TASK DATA
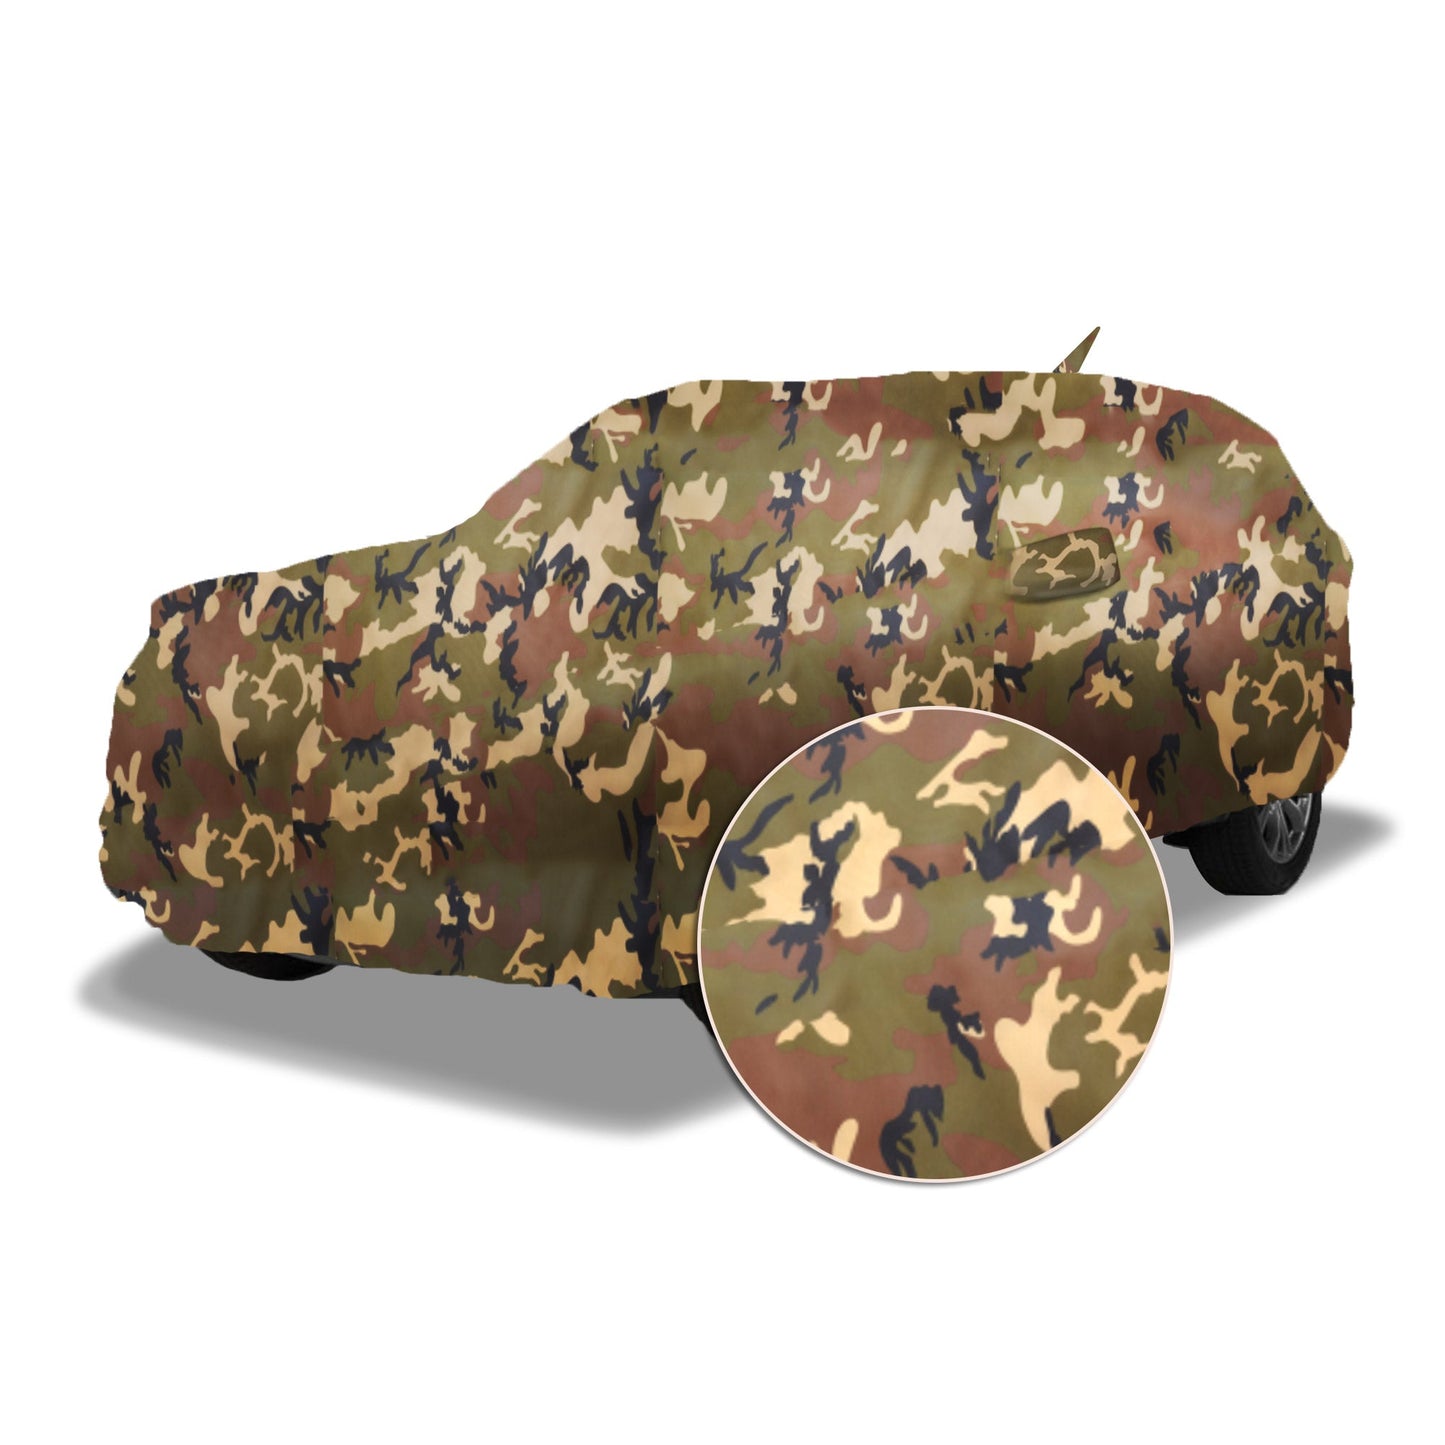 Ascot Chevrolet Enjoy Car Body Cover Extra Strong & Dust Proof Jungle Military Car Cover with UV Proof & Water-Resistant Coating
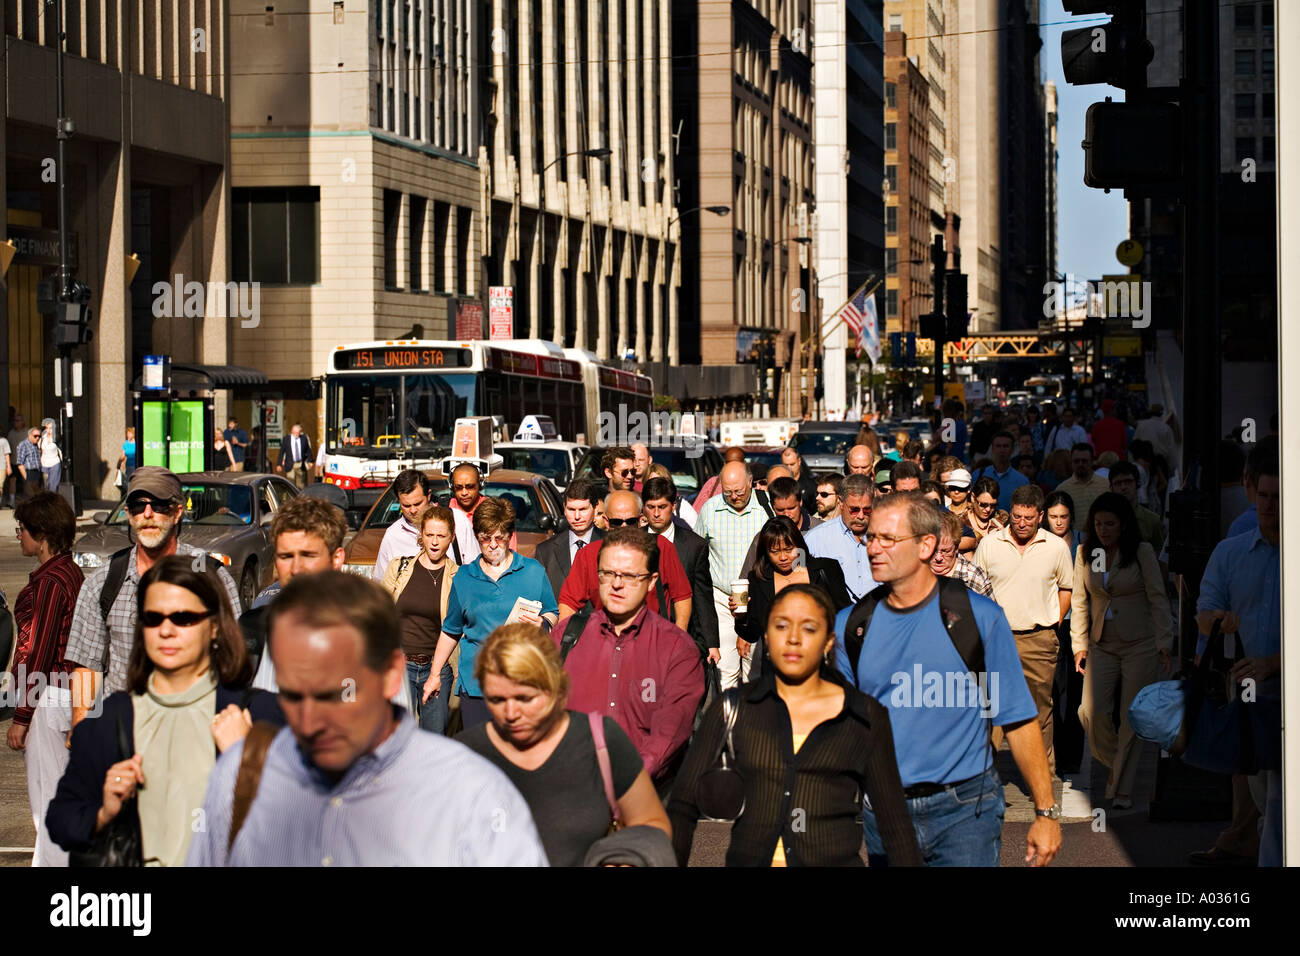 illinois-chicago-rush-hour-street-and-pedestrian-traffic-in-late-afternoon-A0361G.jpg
...
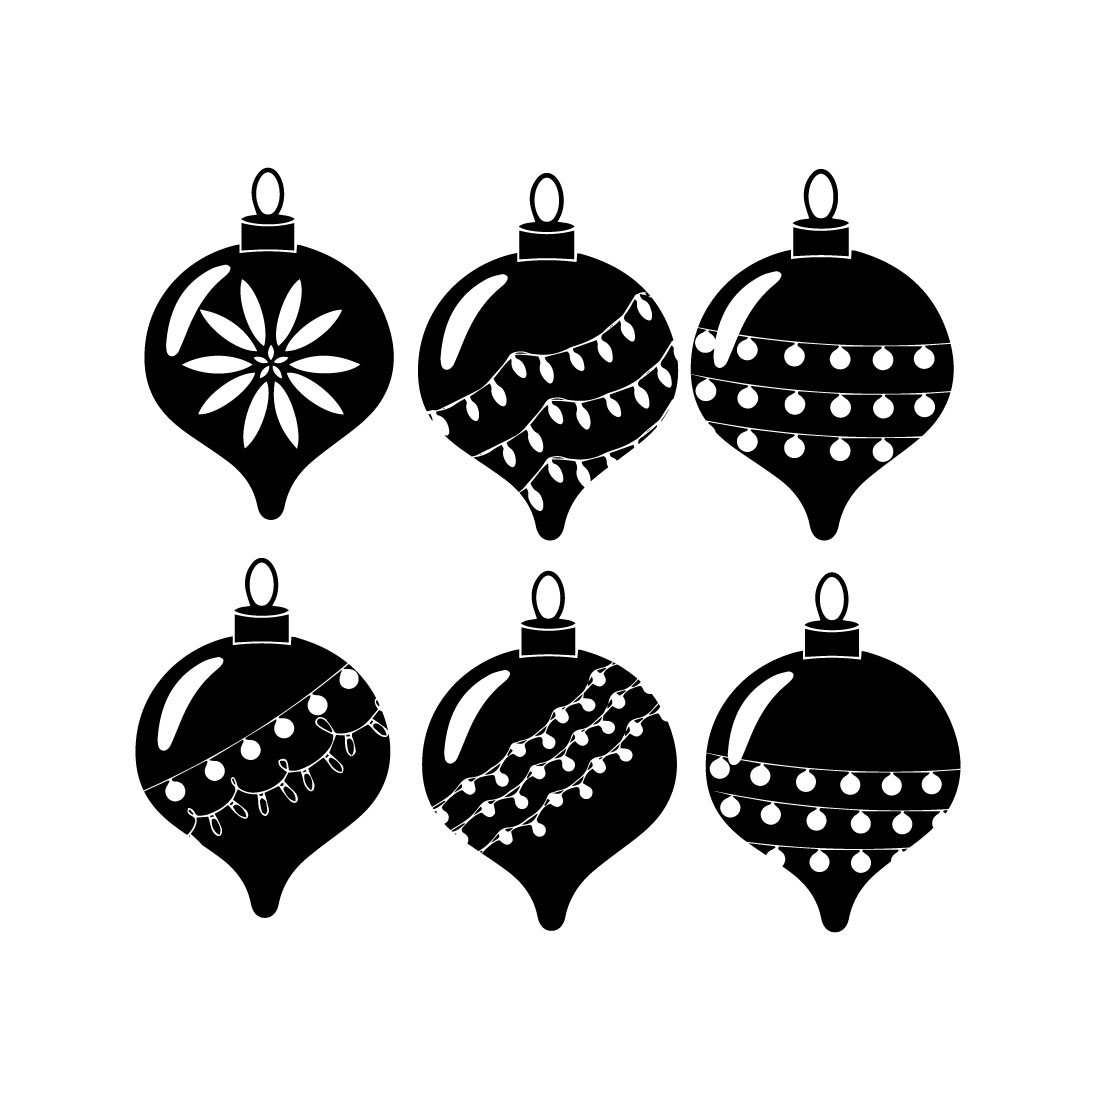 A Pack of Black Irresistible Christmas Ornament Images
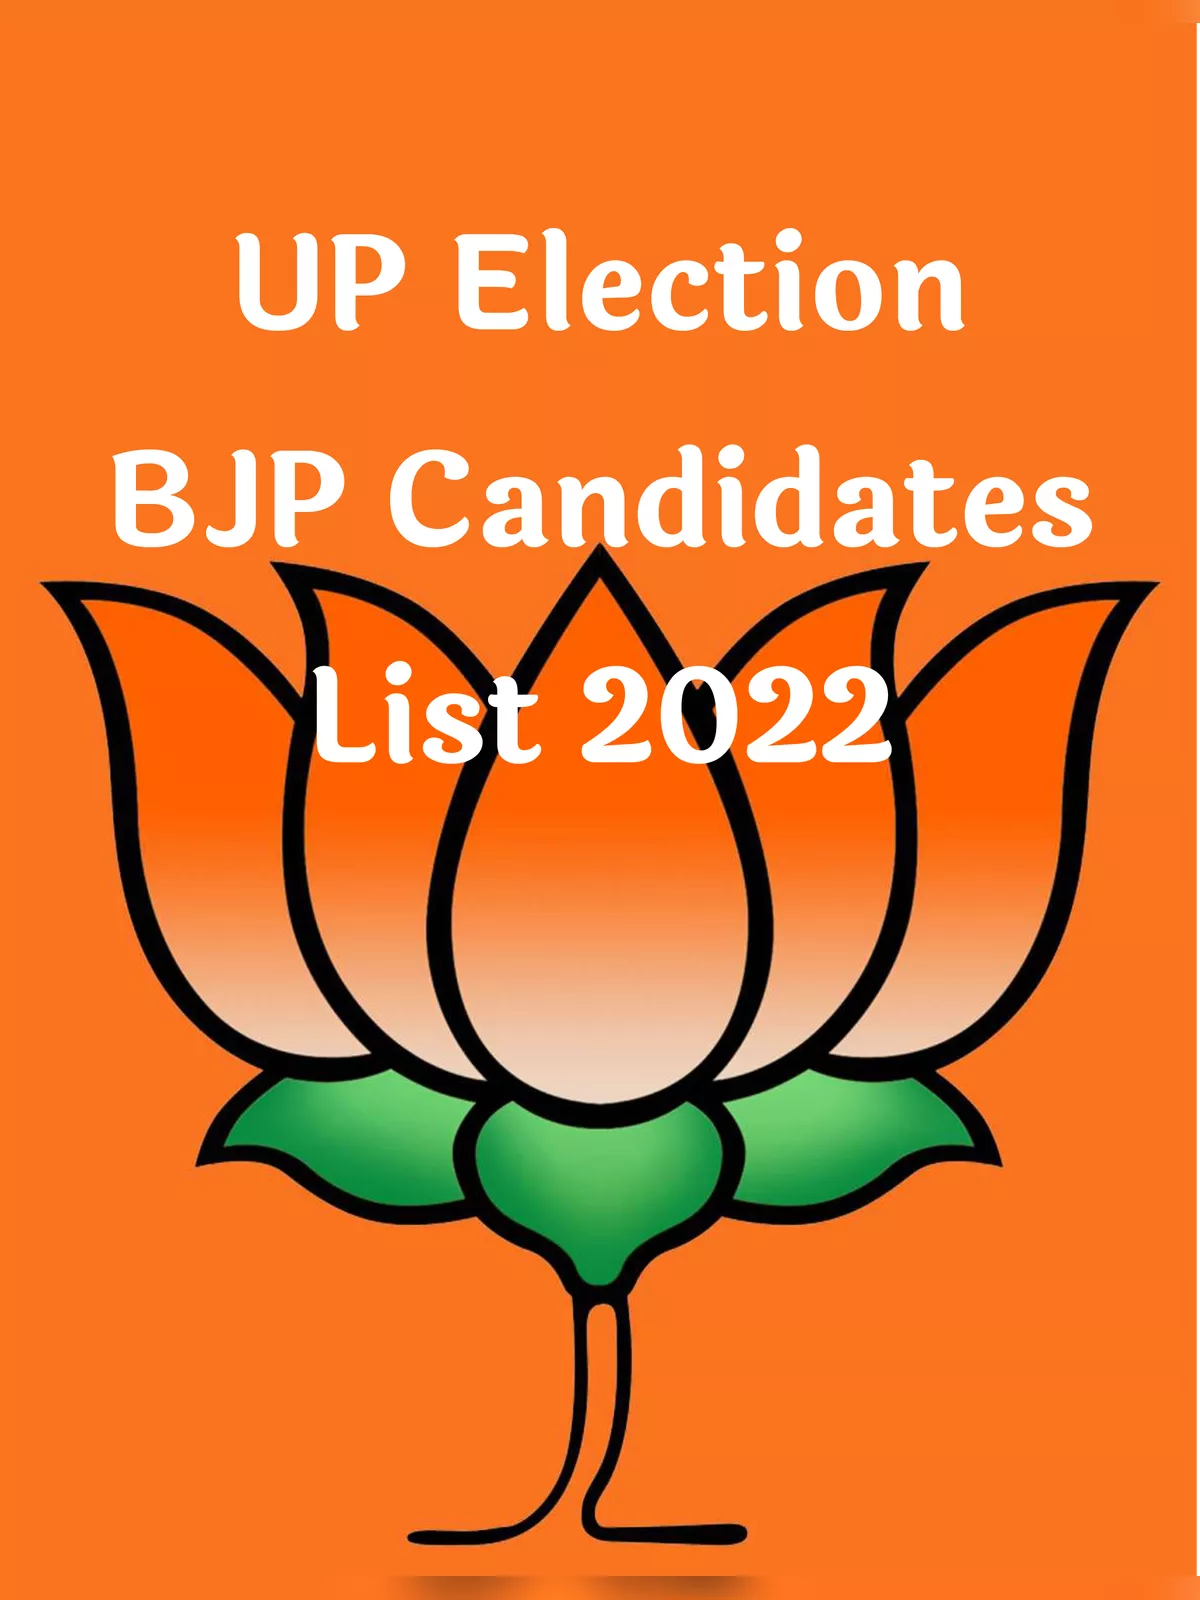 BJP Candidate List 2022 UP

WHAT YOU ARE ASKED TO DO
The answer must be the lines above from the one containing "A Pack of Black" through the one containing "BJP Candidate List 2022 UP", reproduced exactly, with no pictures and nothing else.

SOLUTION TO THIS PROBLEM
 A Pack of Black Irresistible Christmas Ornament Images
 BJP Candidate List 2022 UP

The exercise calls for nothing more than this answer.